→ Task instructions
Copy the data exactly; pictures stay out of the copy.

==================================================

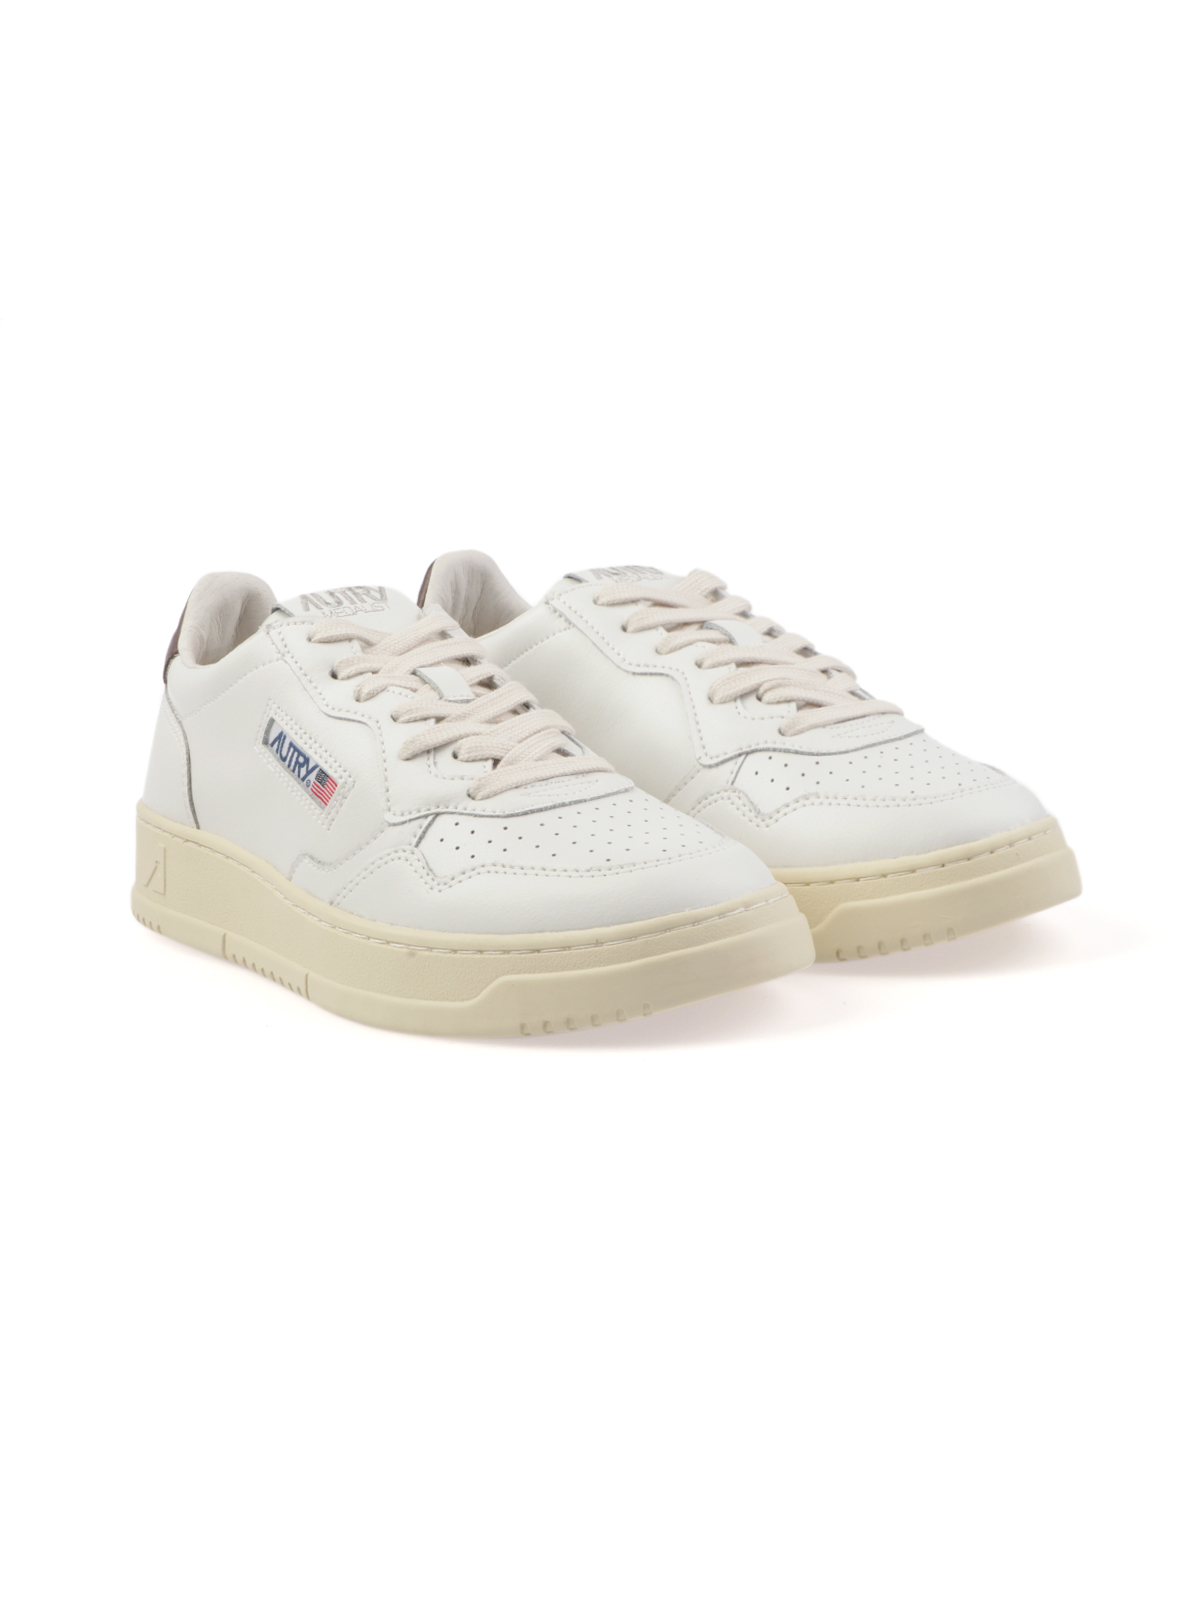 Picture of AUTRY | Sneakers Uomo Medalist Low in Pelle
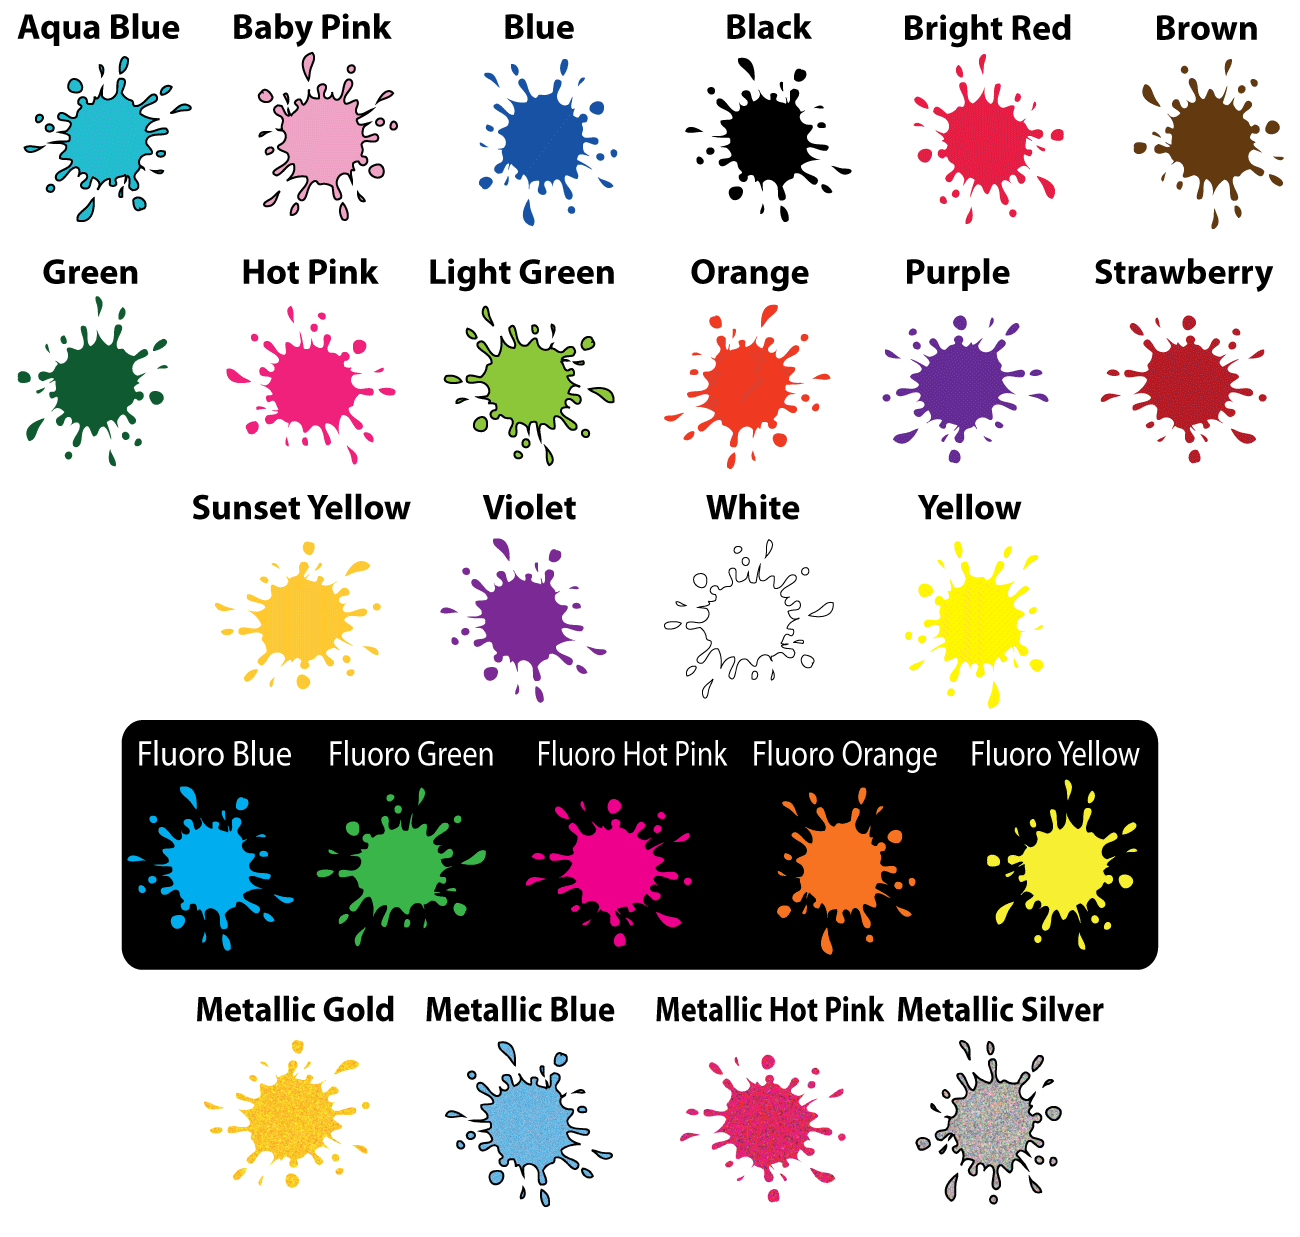 Starbright Inks - Glowing Neon Set Tattoo Inks | Top-Rated Tattoo Ink –  starbrite colors
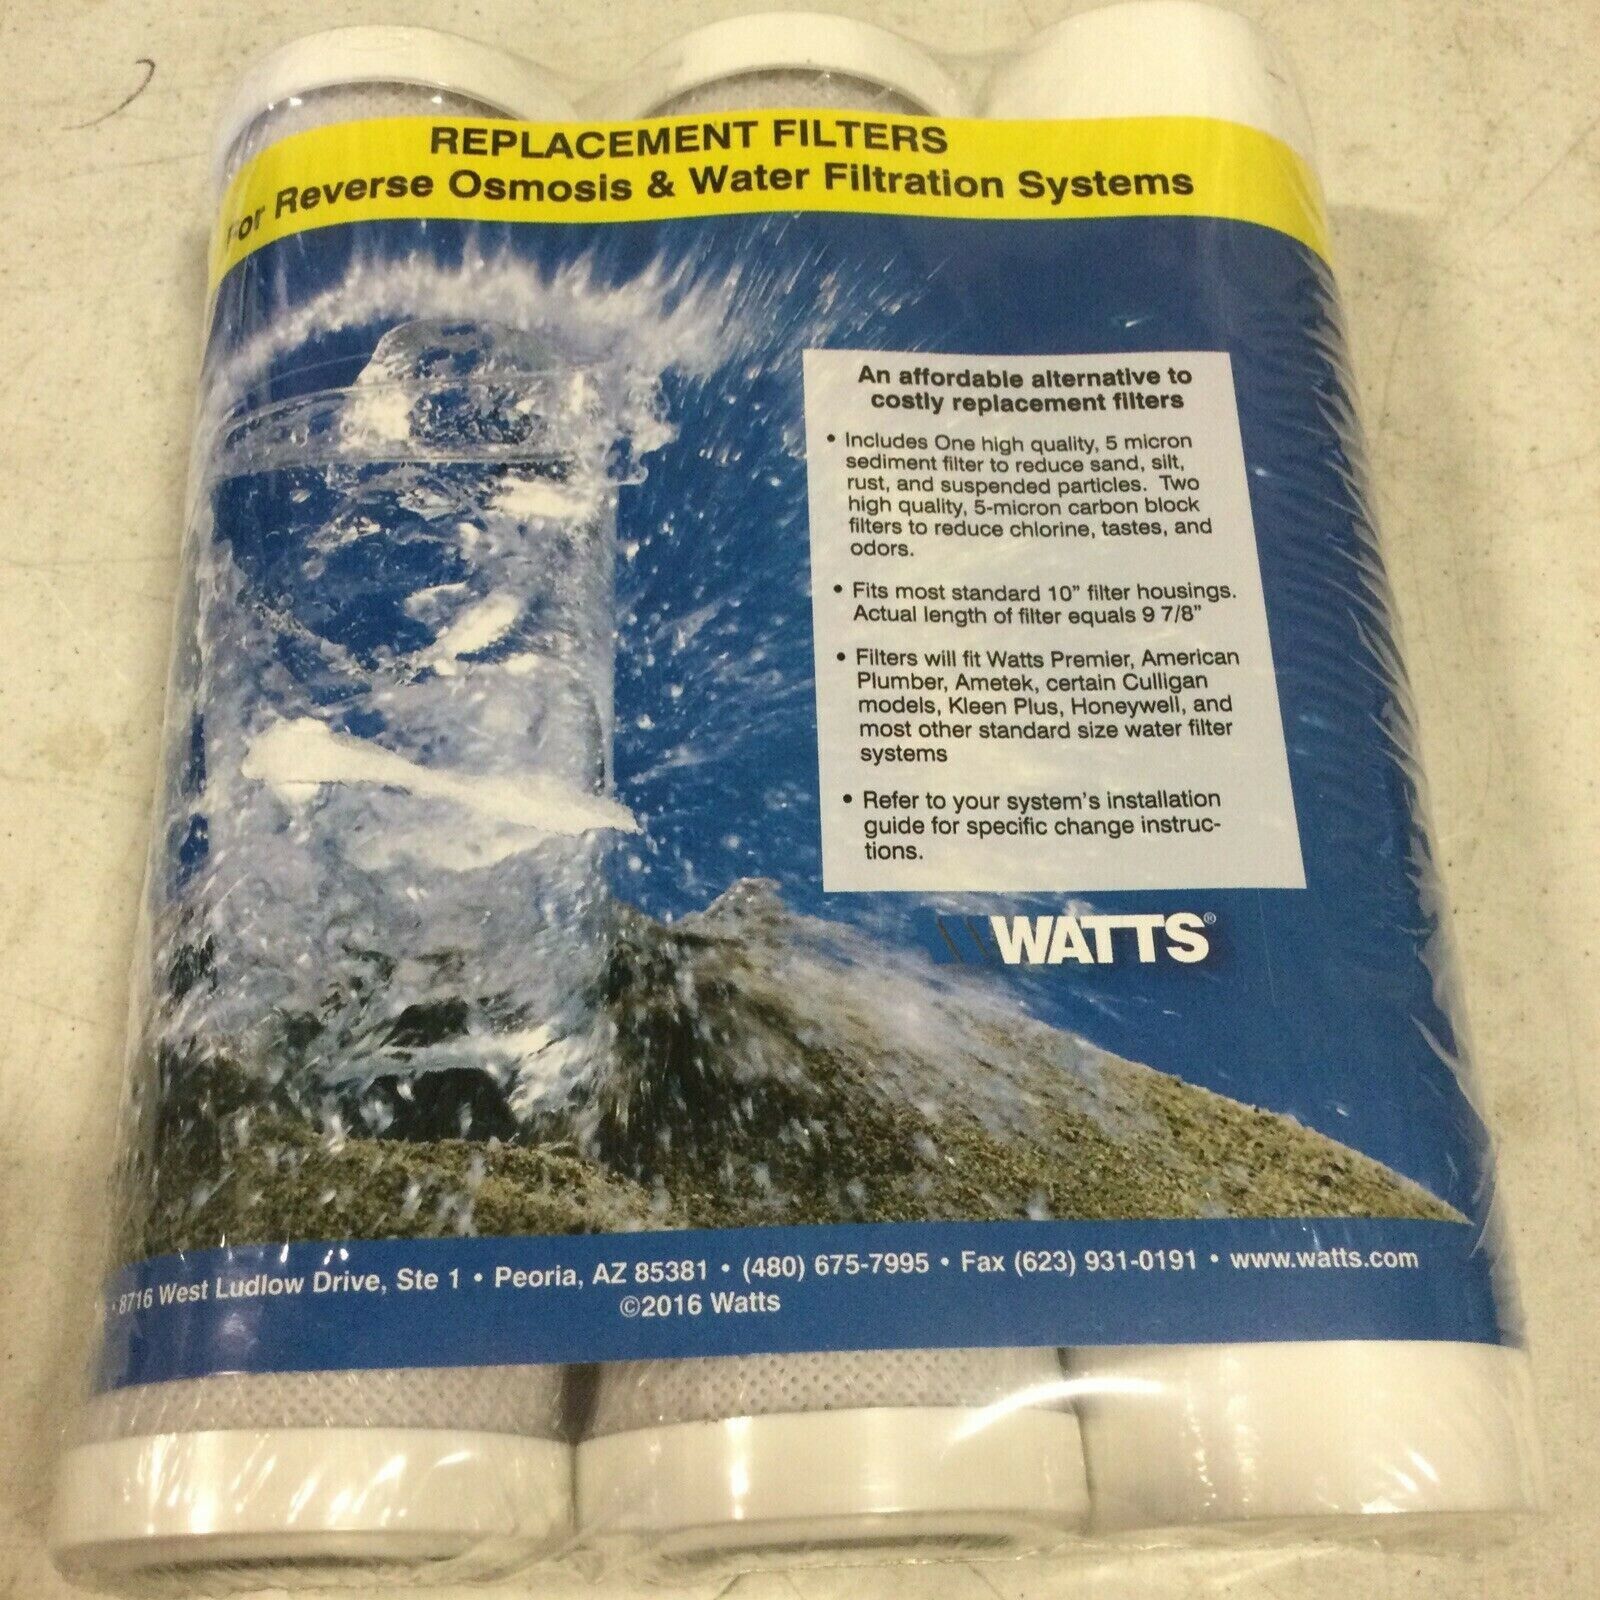 For Under Sink 10" Filter Replacement
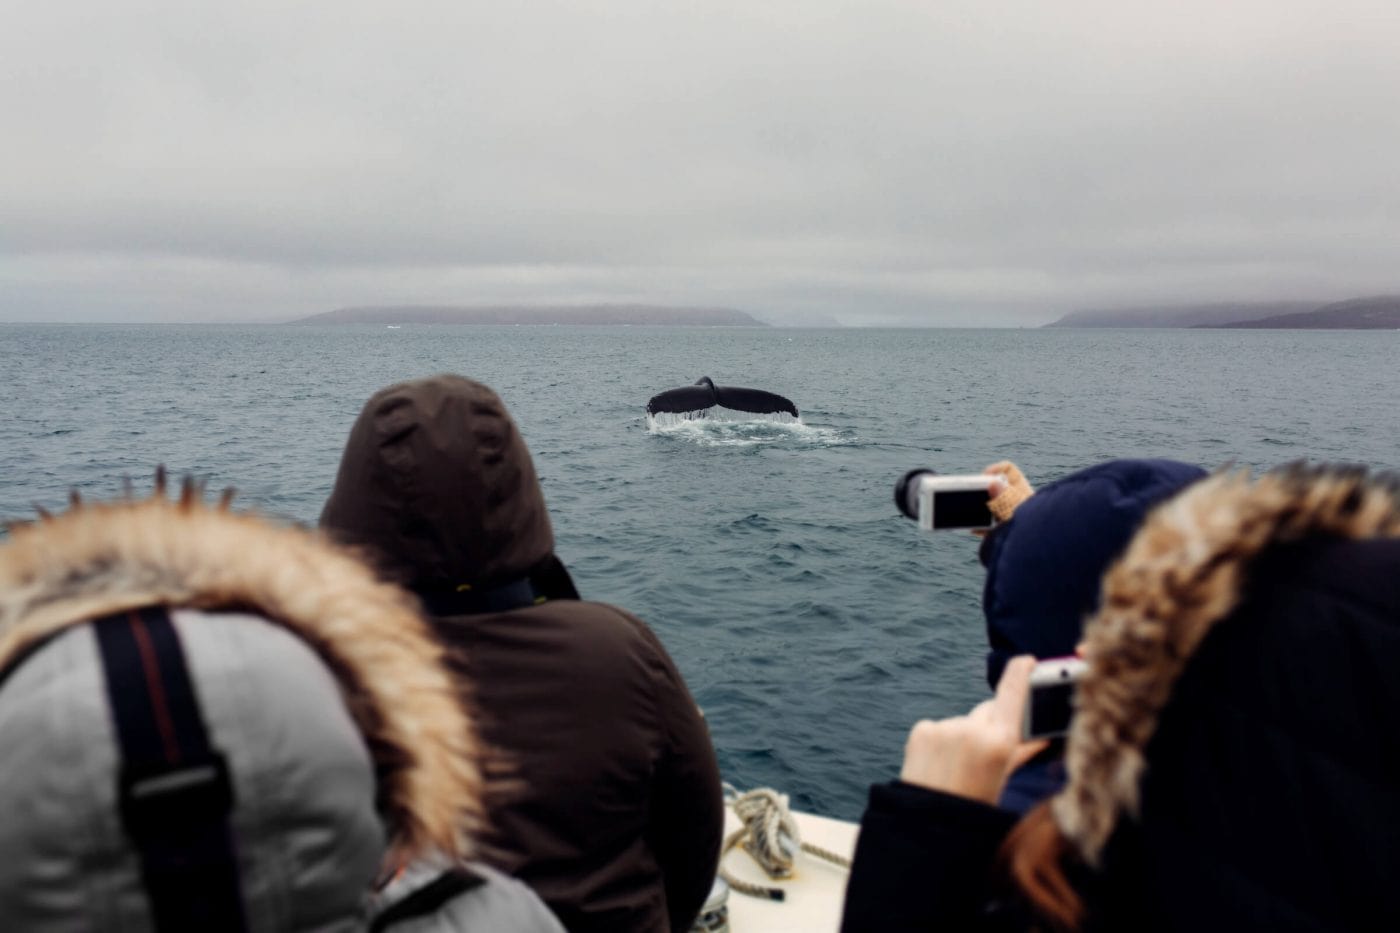 Group of tourist taking photos of a passing humpback whale in. Photo by Rebecca Gustafsson, Visit Greenland
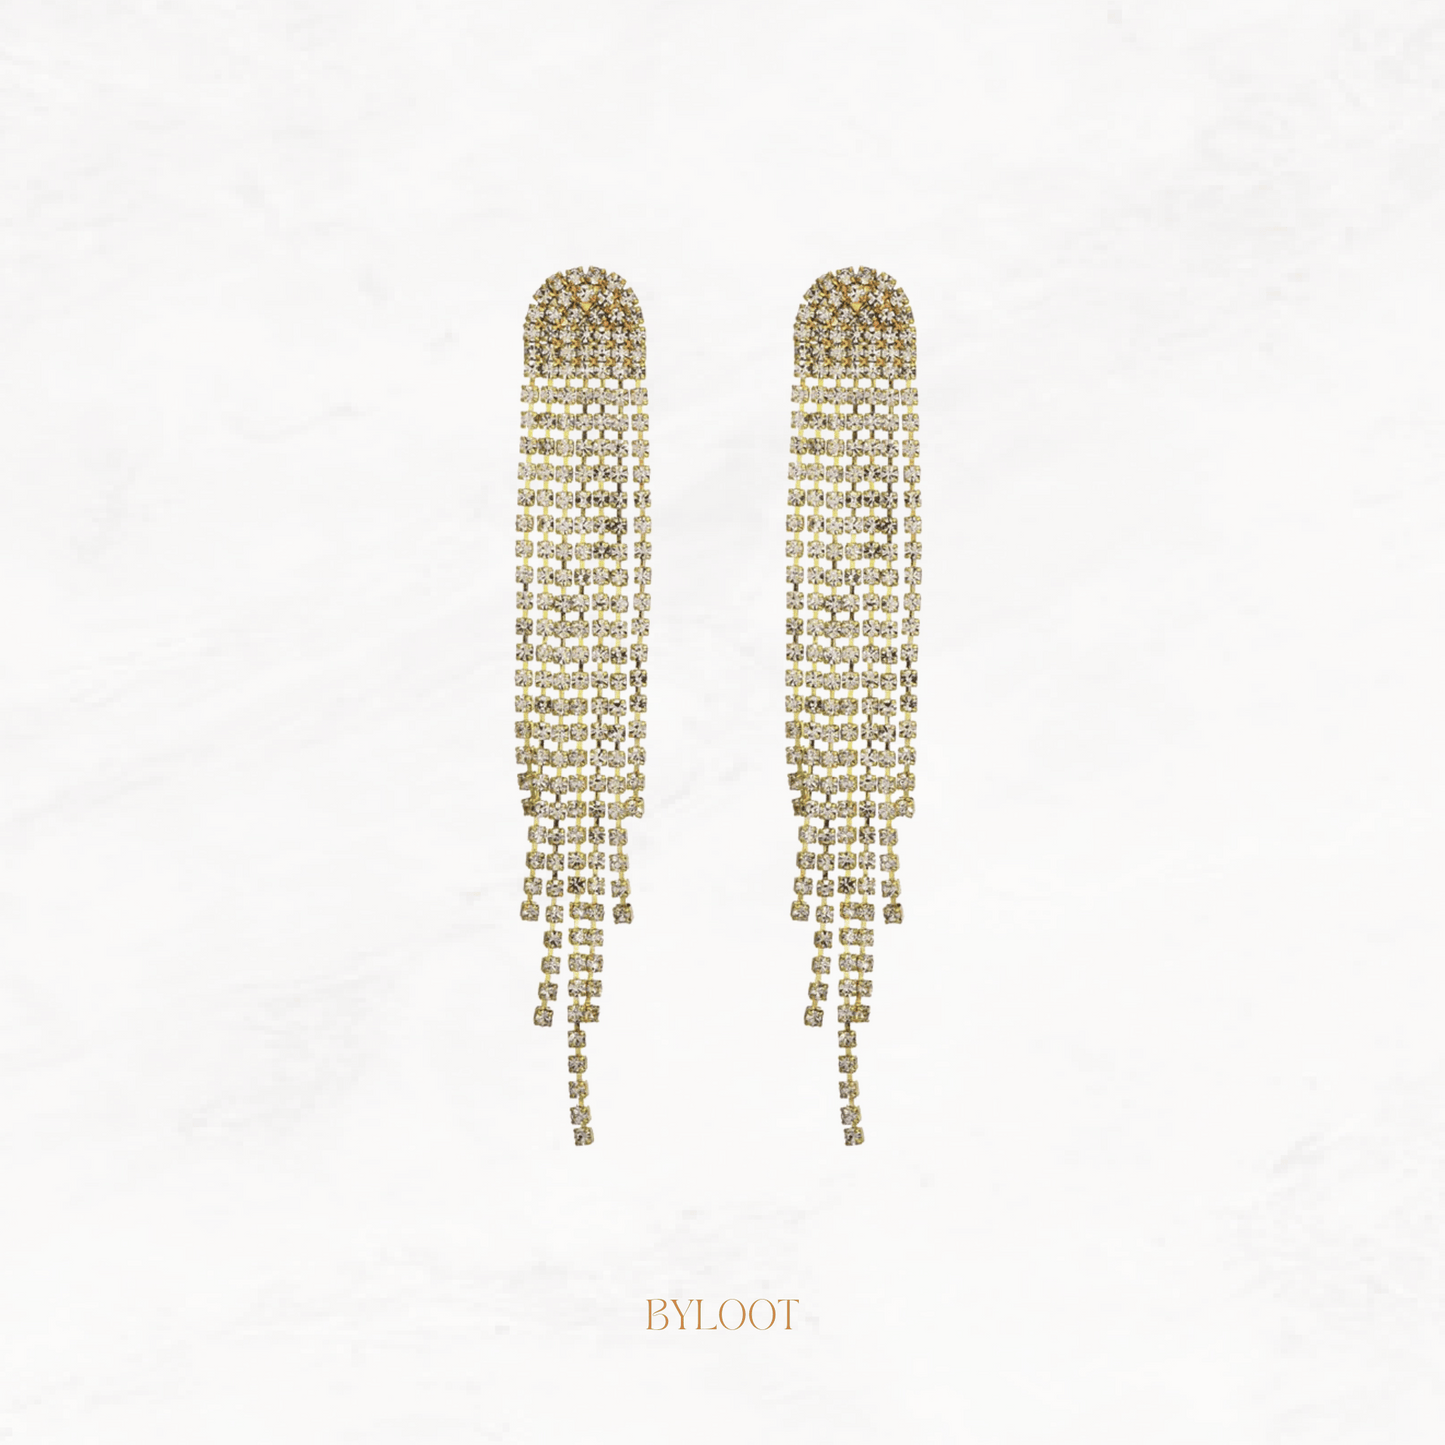 The perfect statement earring

==================================================

→ Solution to this task
 Picture of AUTRY | Sneakers Uomo Medalist Low in Pelle
 Starbright Inks - Glowing Neon Set Tattoo Inks | Top-Rated Tattoo Ink –  starbrite colors
 For Under Sink 10" Filter Replacement
 Group of tourist taking photos of a passing humpback whale in. Photo by Rebecca Gustafsson, Visit Greenland
 The perfect statement earring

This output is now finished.